_Directions_
Reproduce the entries word for word, and omit any picture you find in them.

_Stored dataset items_
↓↓↓
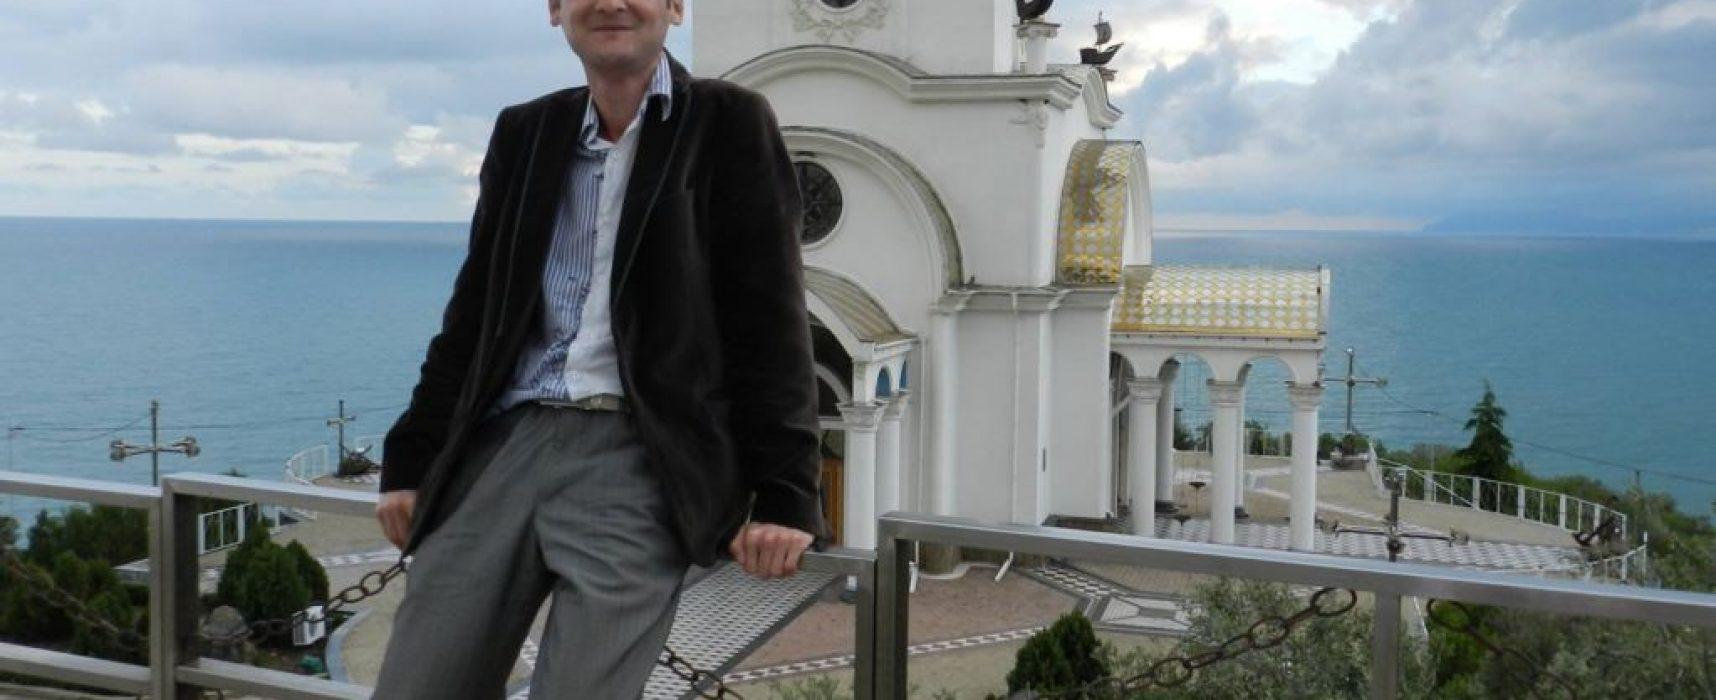 У Криму російські силовики знову затримали блогера Гайворонського
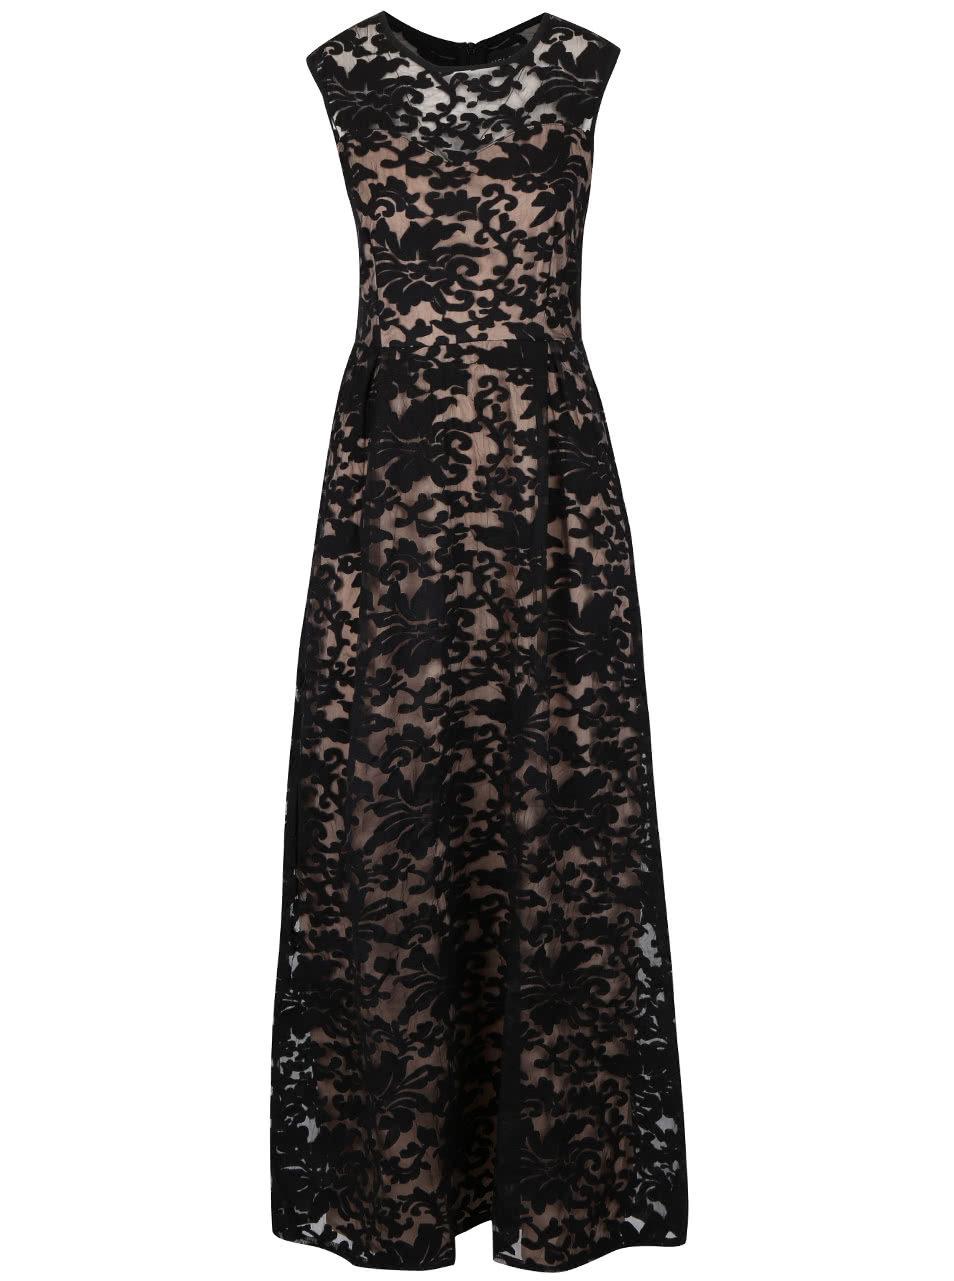 Krémovo-čierne dlhé vzorované šaty Mela London ... 2ff06b340dd
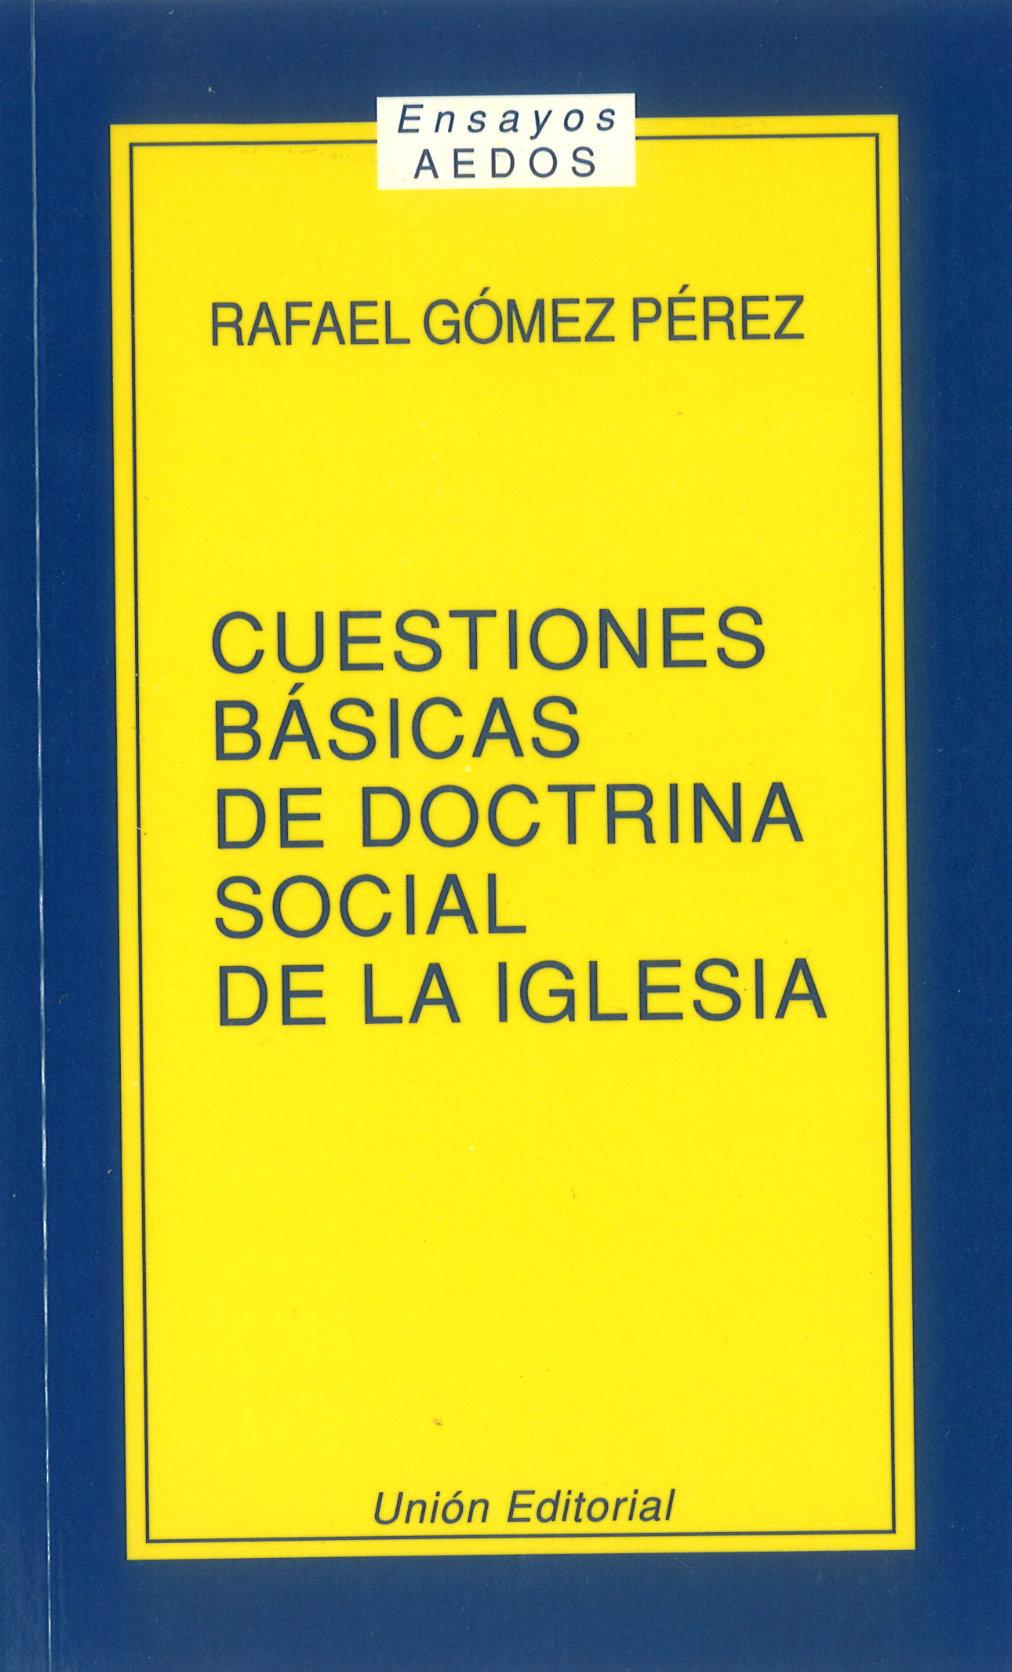 CUESTIONES-BÁSICAS
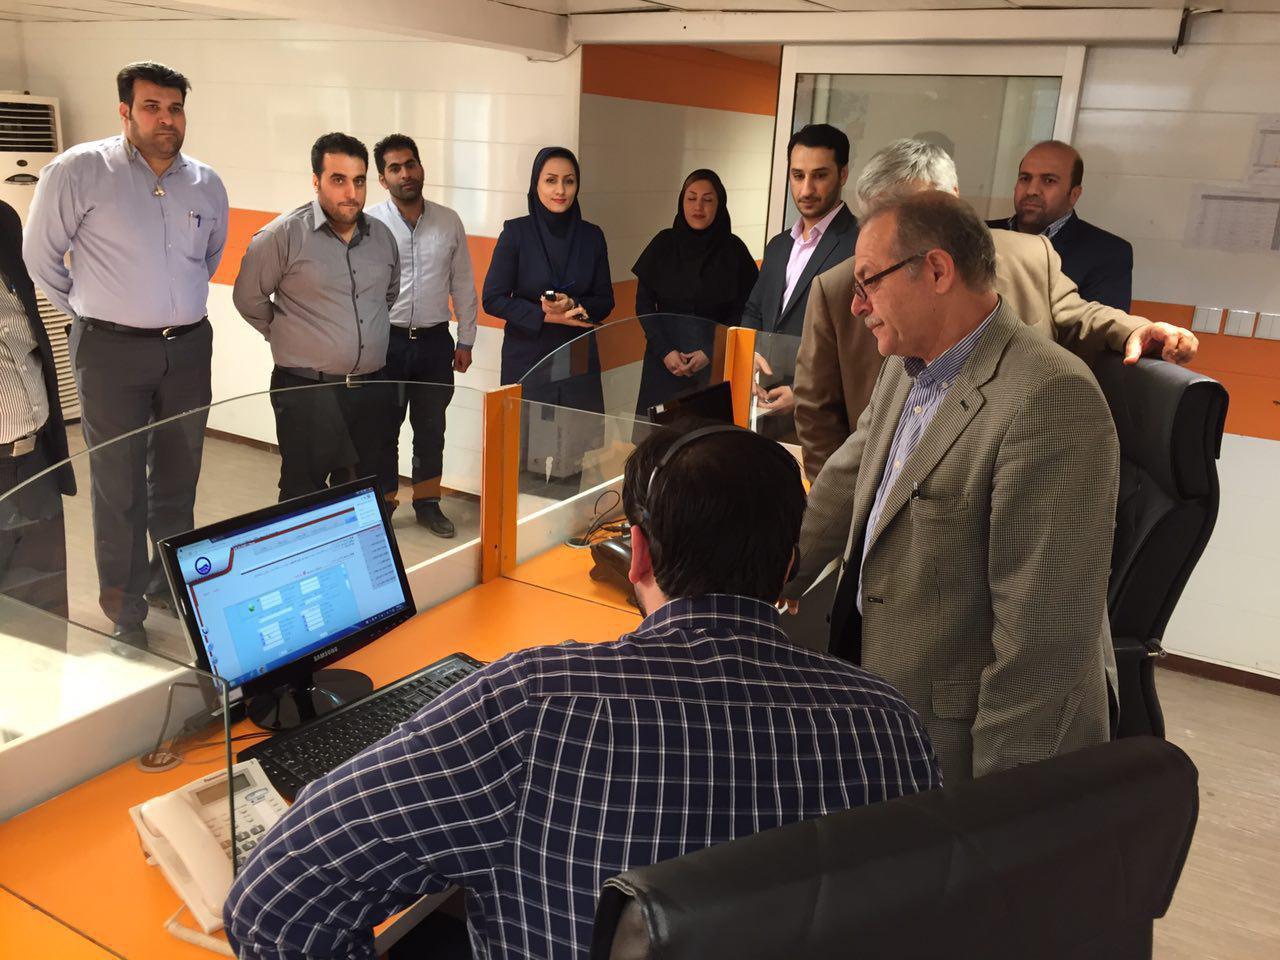 مدیرعامل جدید شرکت آبفا اهواز خبر داد: ارتقاء ظرفیت پاسخگویی سامانه ارتباطات مردمی شرکت آبفا اهواز
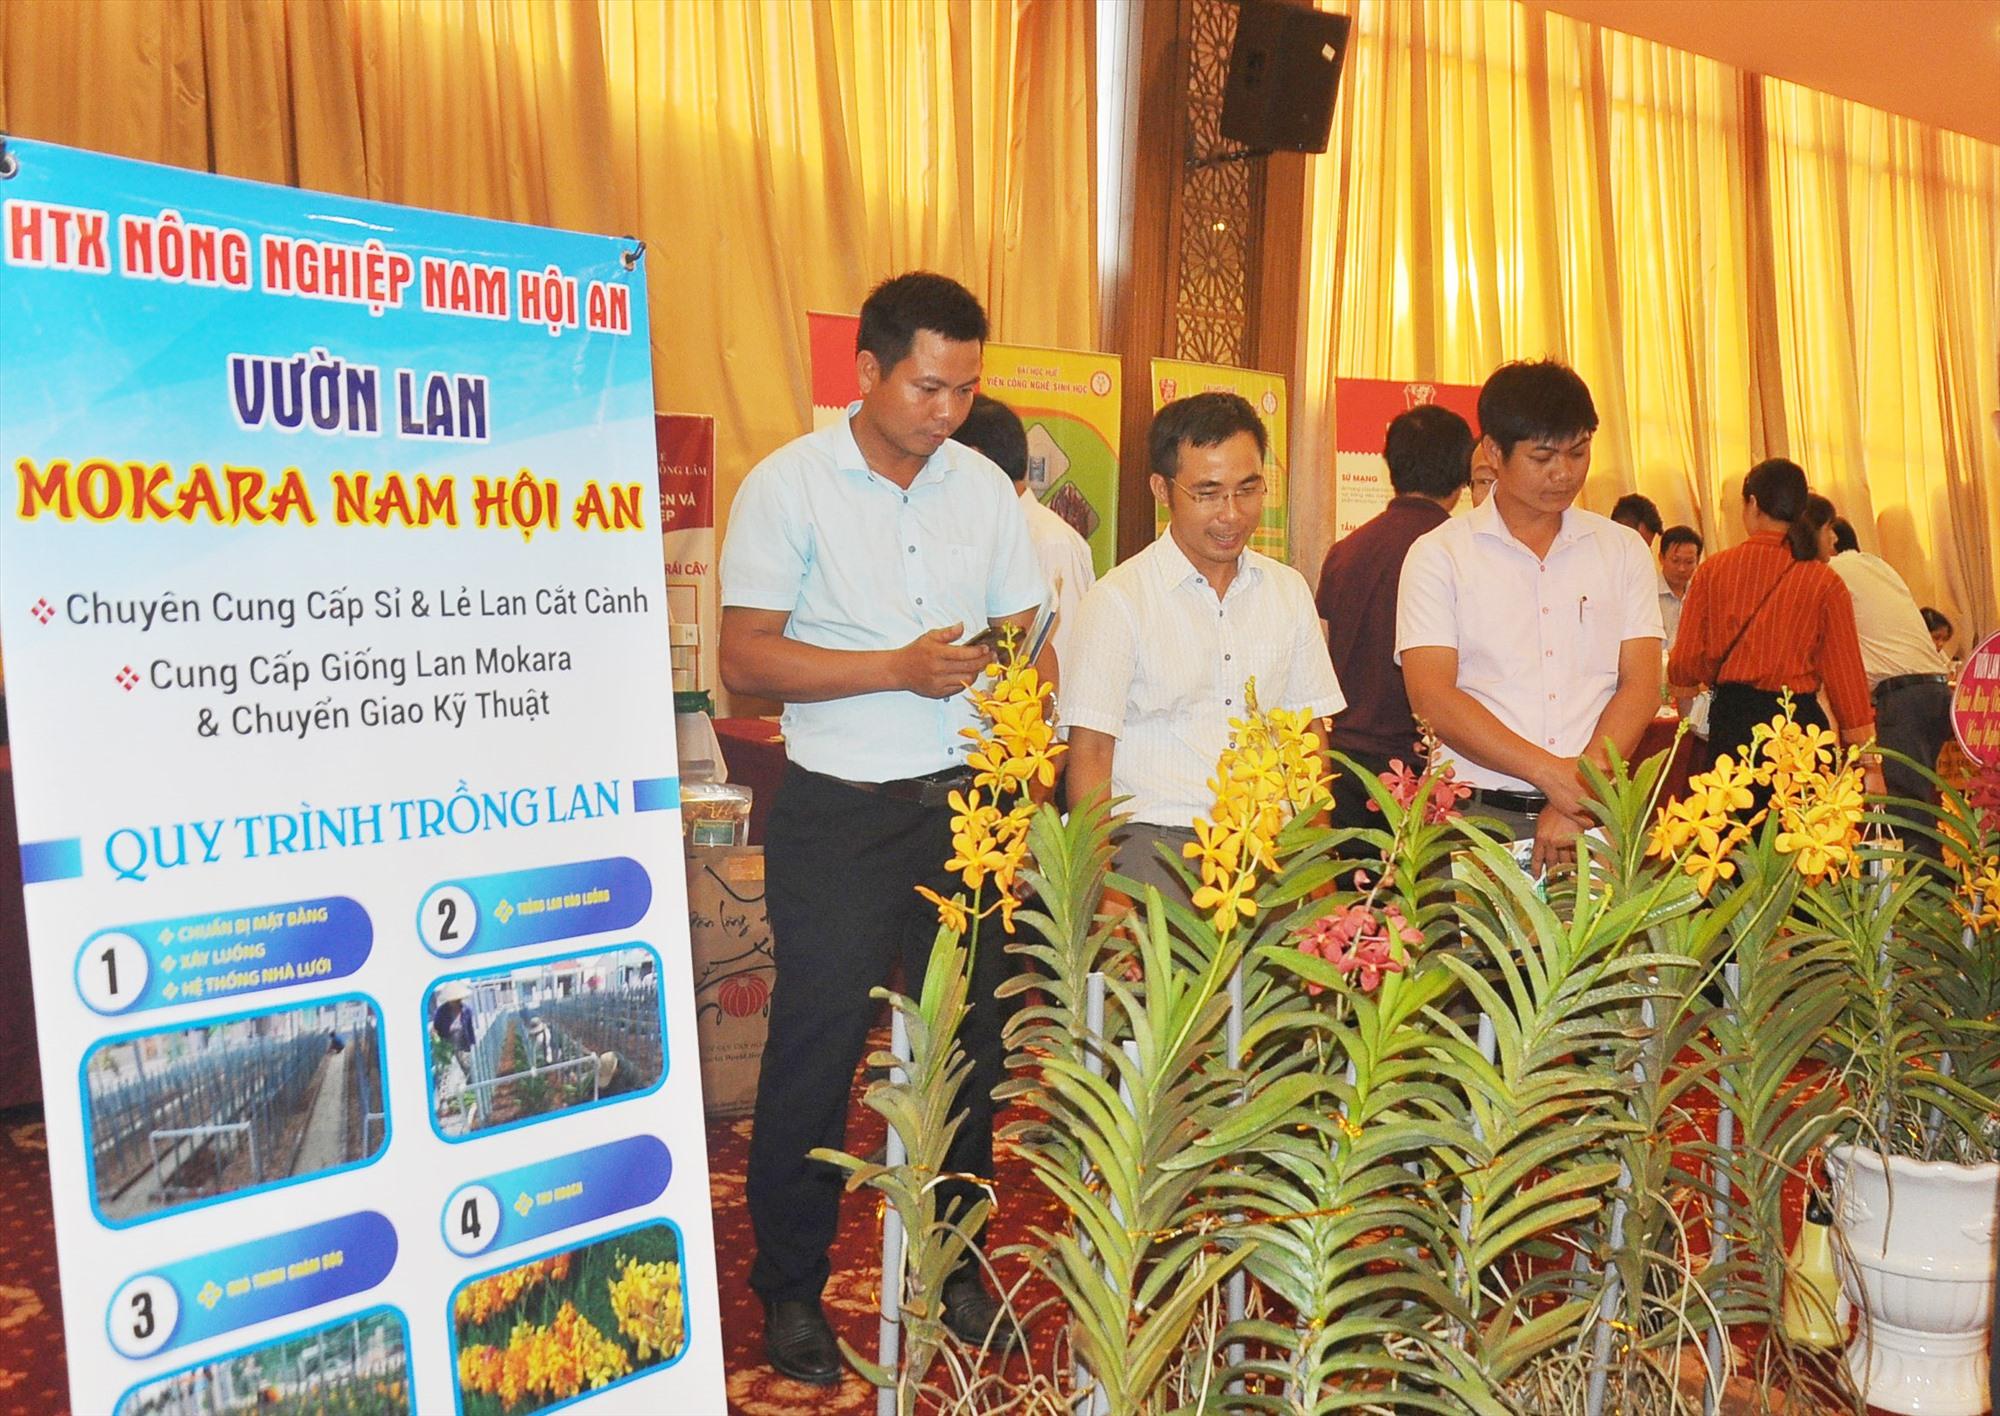 """Dự án khởi nghiệp """"Vườn lan Mokara Nam Hội An"""" của HTX Nông nghiệp Nam Hội An tham gia giới thiệu tại một sự kiện về khởi nghiệp nông nghiệp trên địa bàn tỉnh. Ảnh: Đ.N"""
↑↑↑
_Reply_
 У Криму російські силовики знову затримали блогера Гайворонського
 Krémovo-čierne dlhé vzorované šaty Mela London ... 2ff06b340dd
 CUESTIONES-BÁSICAS
 مدیرعامل جدید شرکت آبفا اهواز خبر داد: ارتقاء ظرفیت پاسخگویی سامانه ارتباطات مردمی شرکت آبفا اهواز
 """Dự án khởi nghiệp """"Vườn lan Mokara Nam Hội An"""" của HTX Nông nghiệp Nam Hội An tham gia giới thiệu tại một sự kiện về khởi nghiệp nông nghiệp trên địa bàn tỉnh. Ảnh: Đ.N"""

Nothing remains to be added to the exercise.